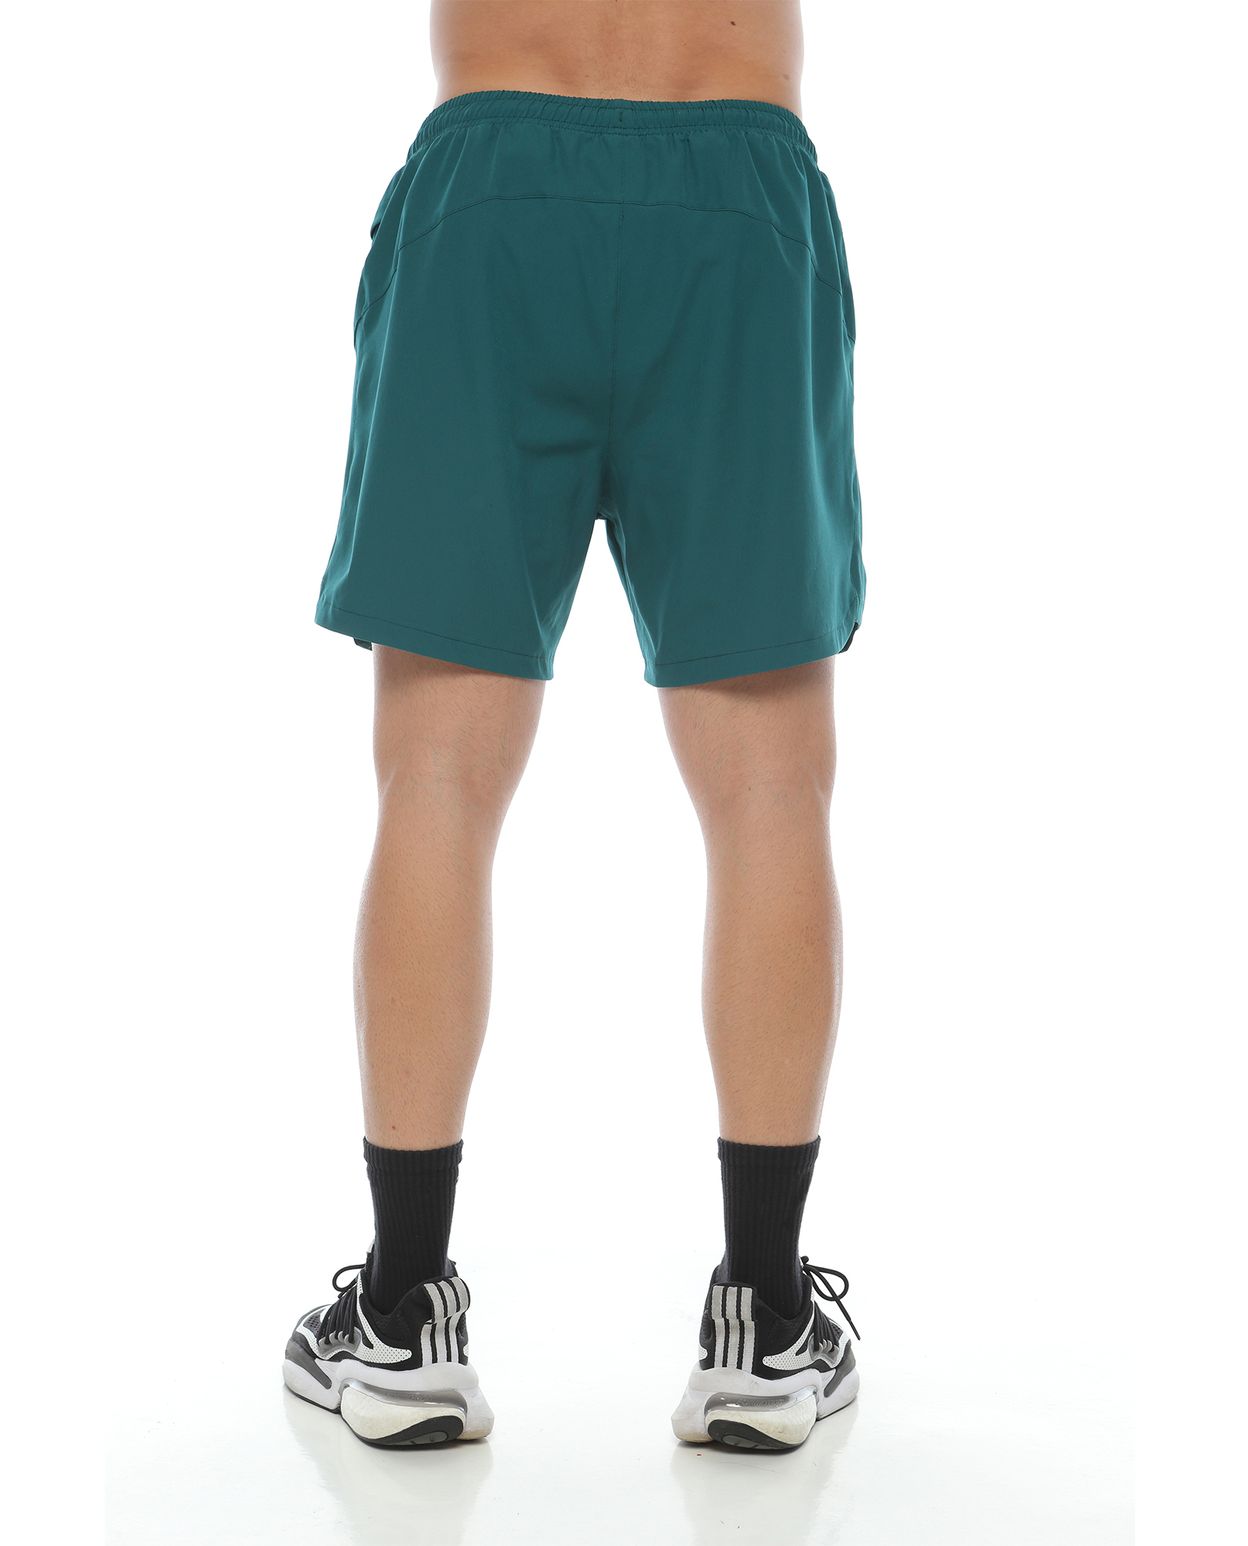 Pantaloneta deportiva hombre, color azul - racketball movil
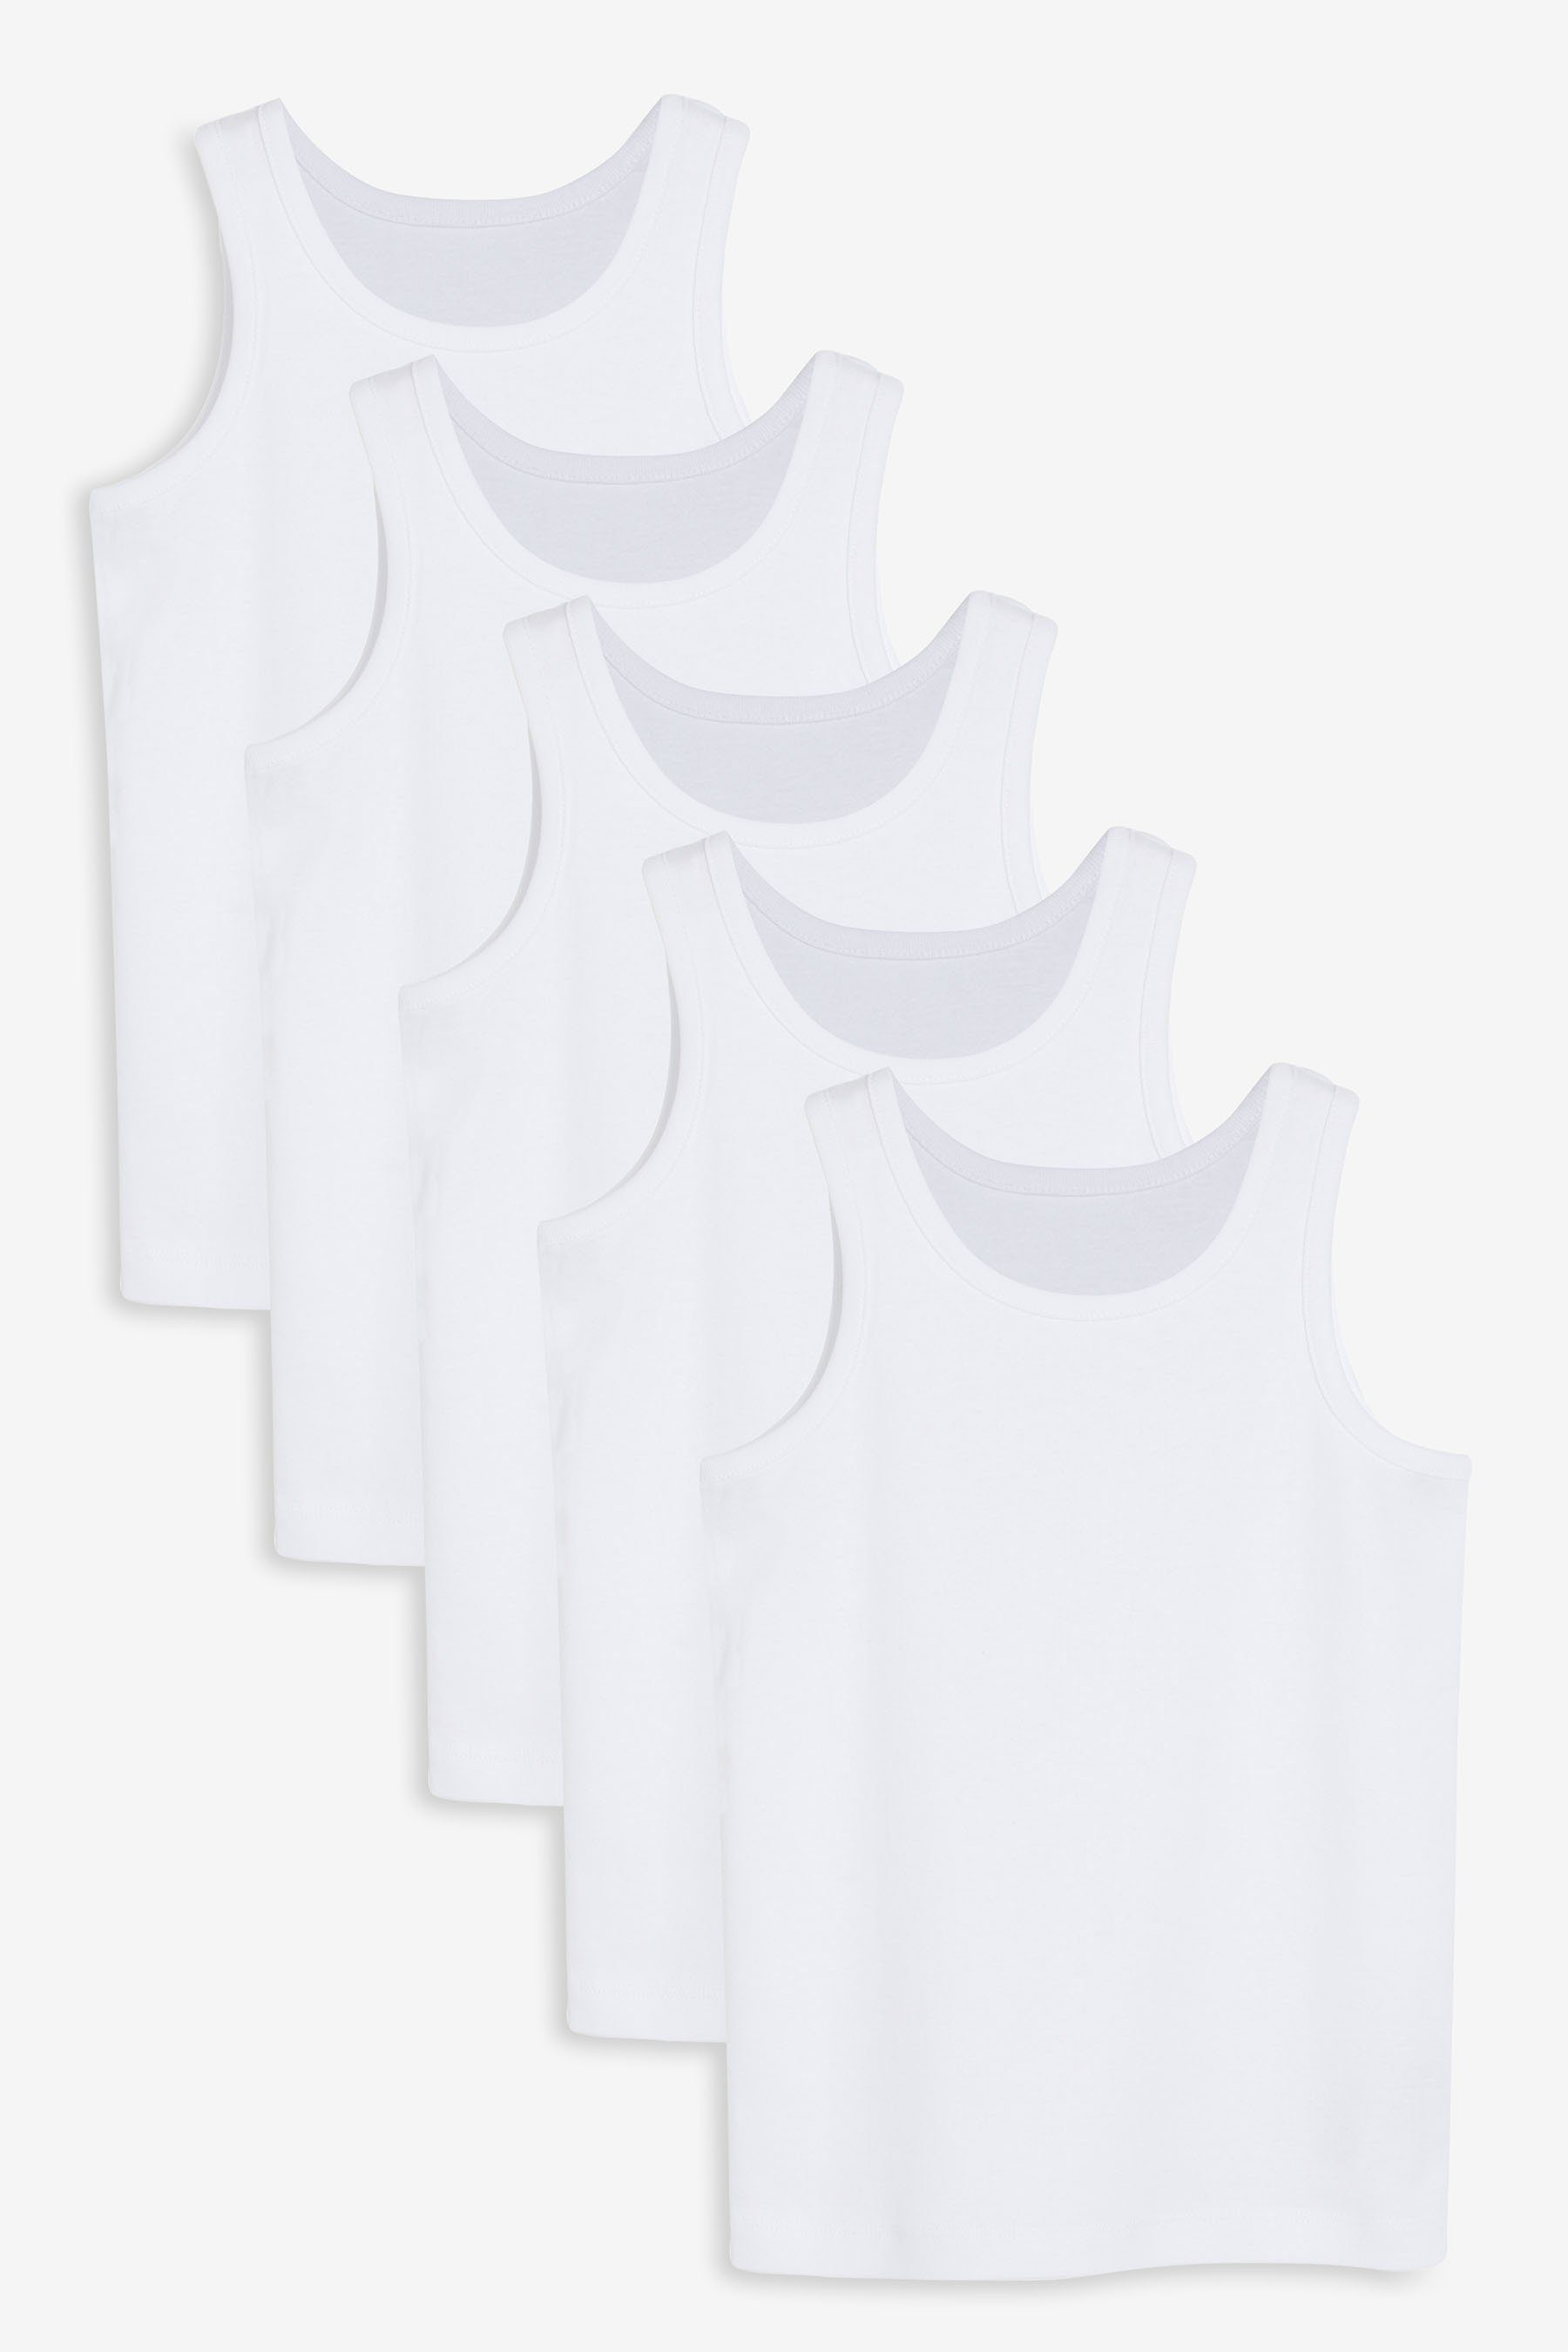 Next Unterhemd Unterhemden aus, 5er-Pack (5-St)
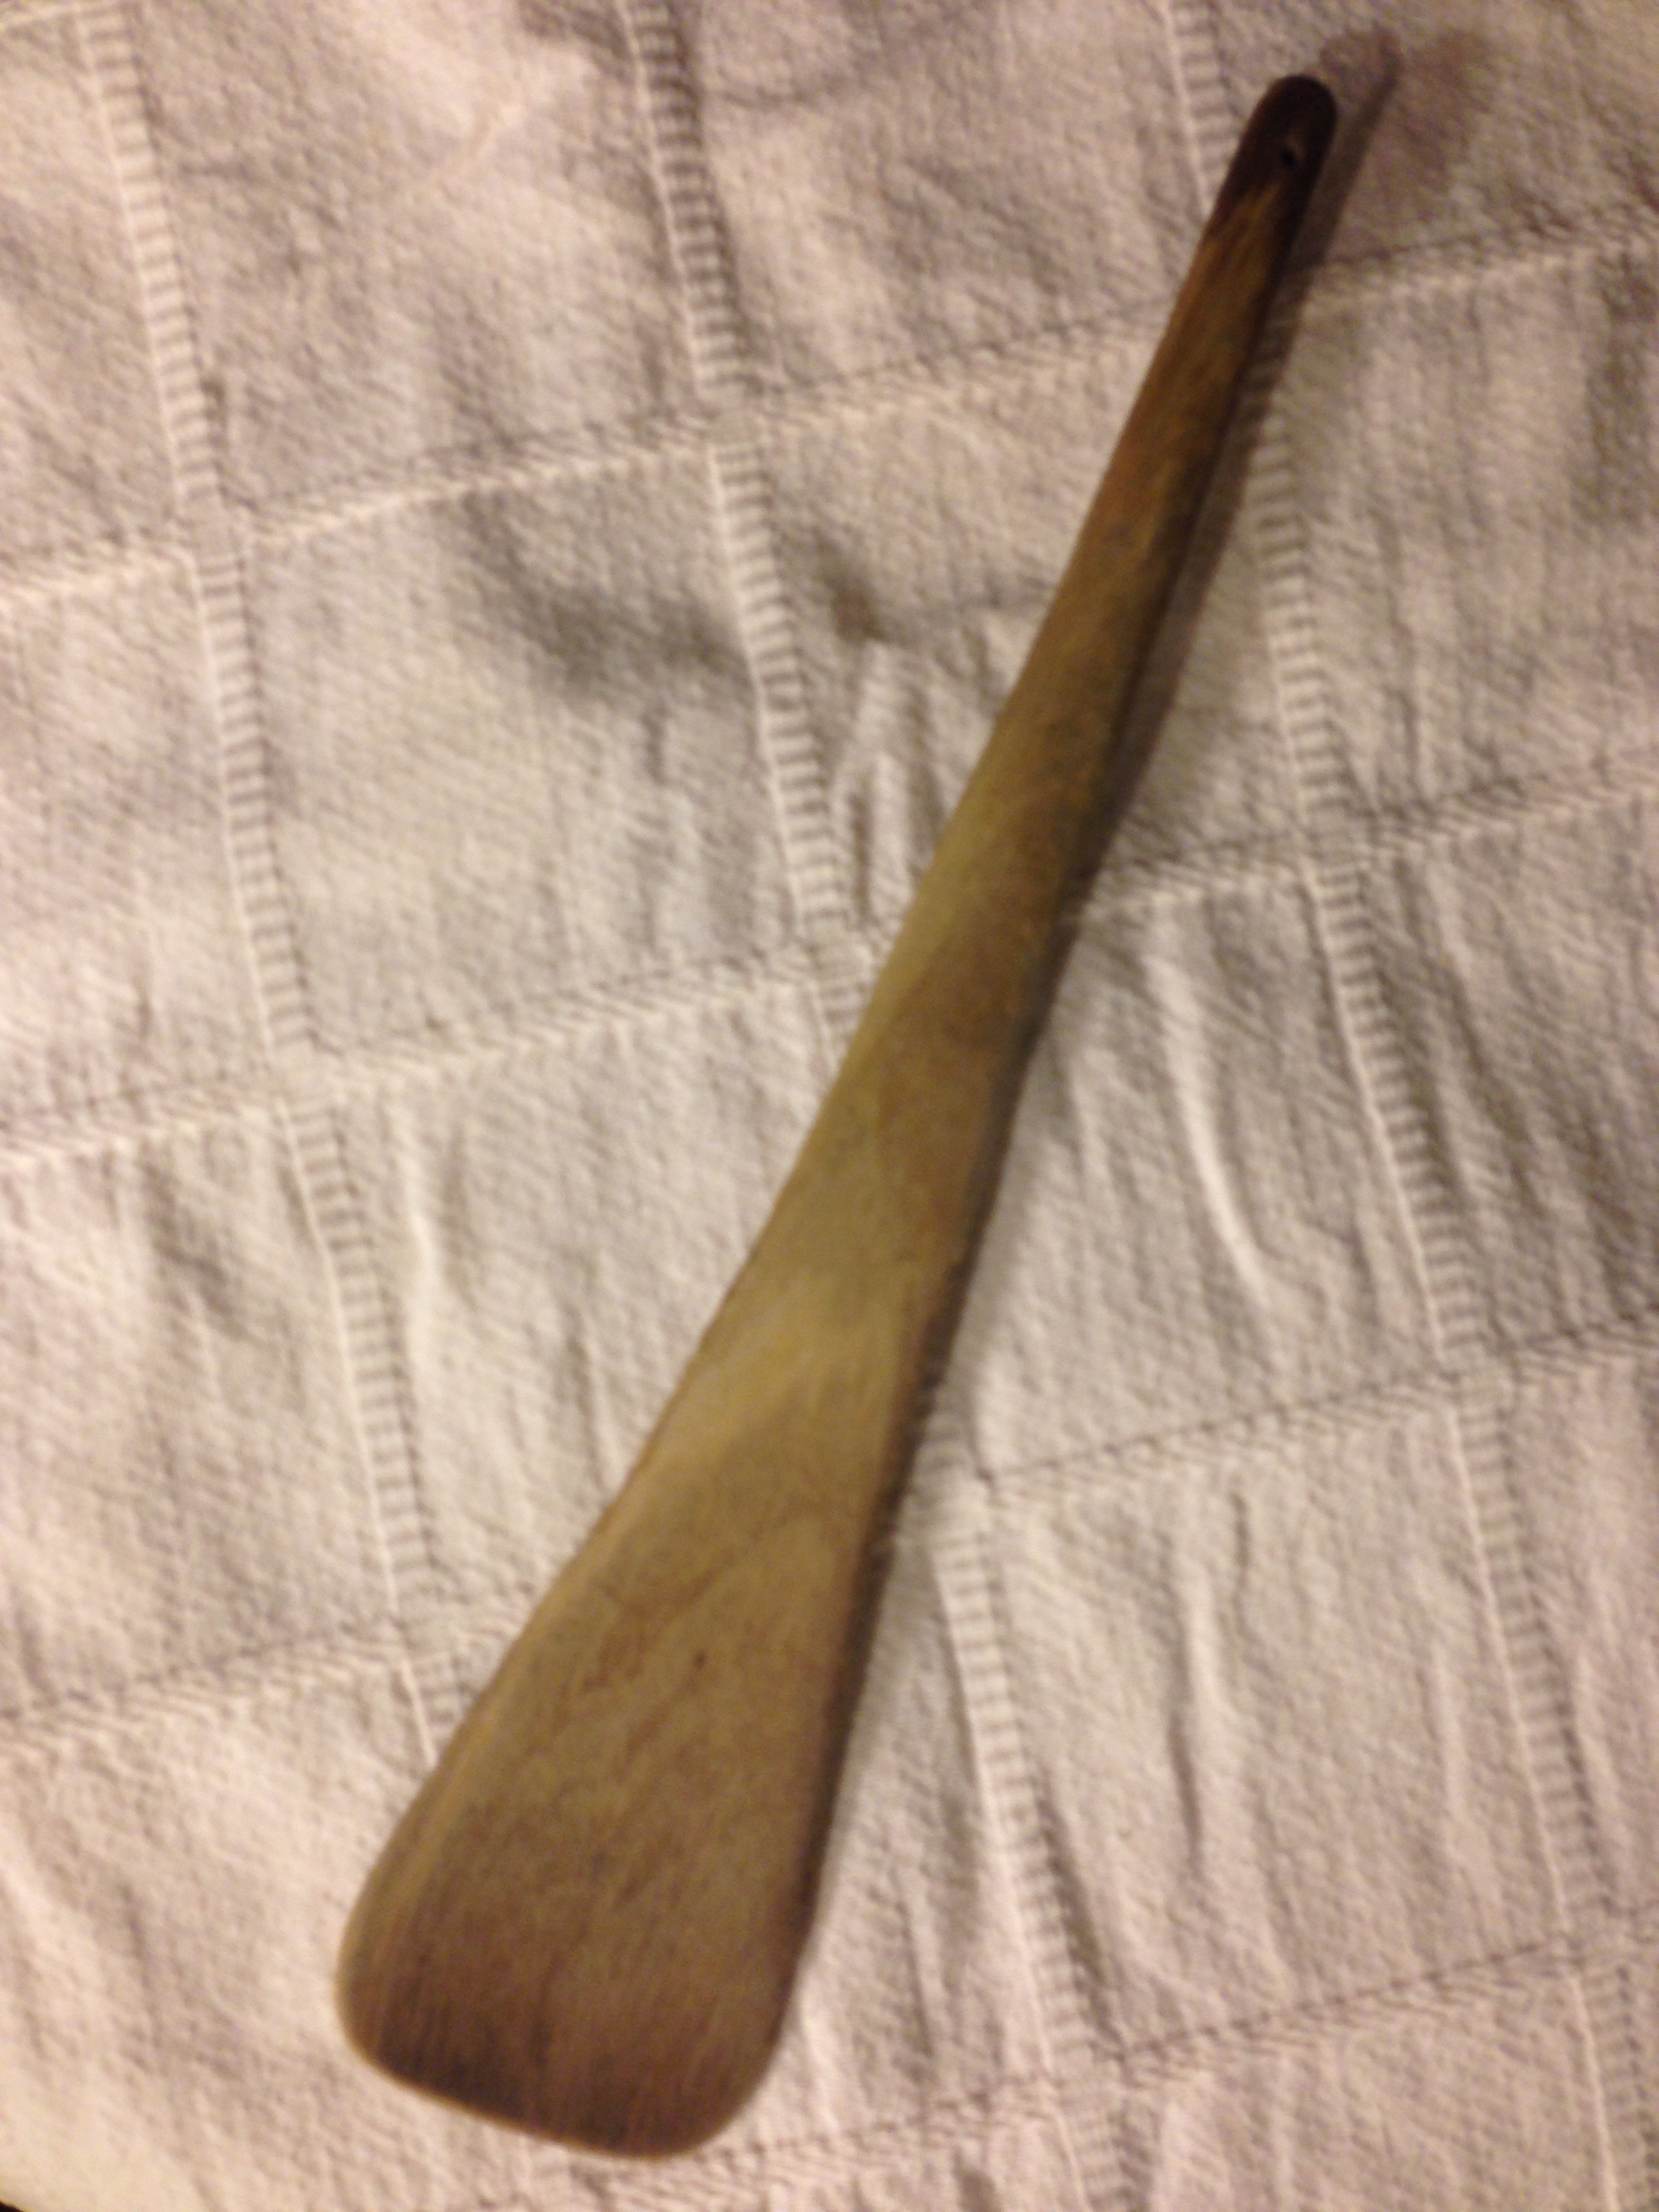 wooden tool

------------------------------------

The data is to be restated word for word, with any pictures set aside.

Response area:
 Pantaloneta deportiva hombre, color azul - racketball movil
 Next Unterhemd Unterhemden aus, 5er-Pack (5-St)
 wooden tool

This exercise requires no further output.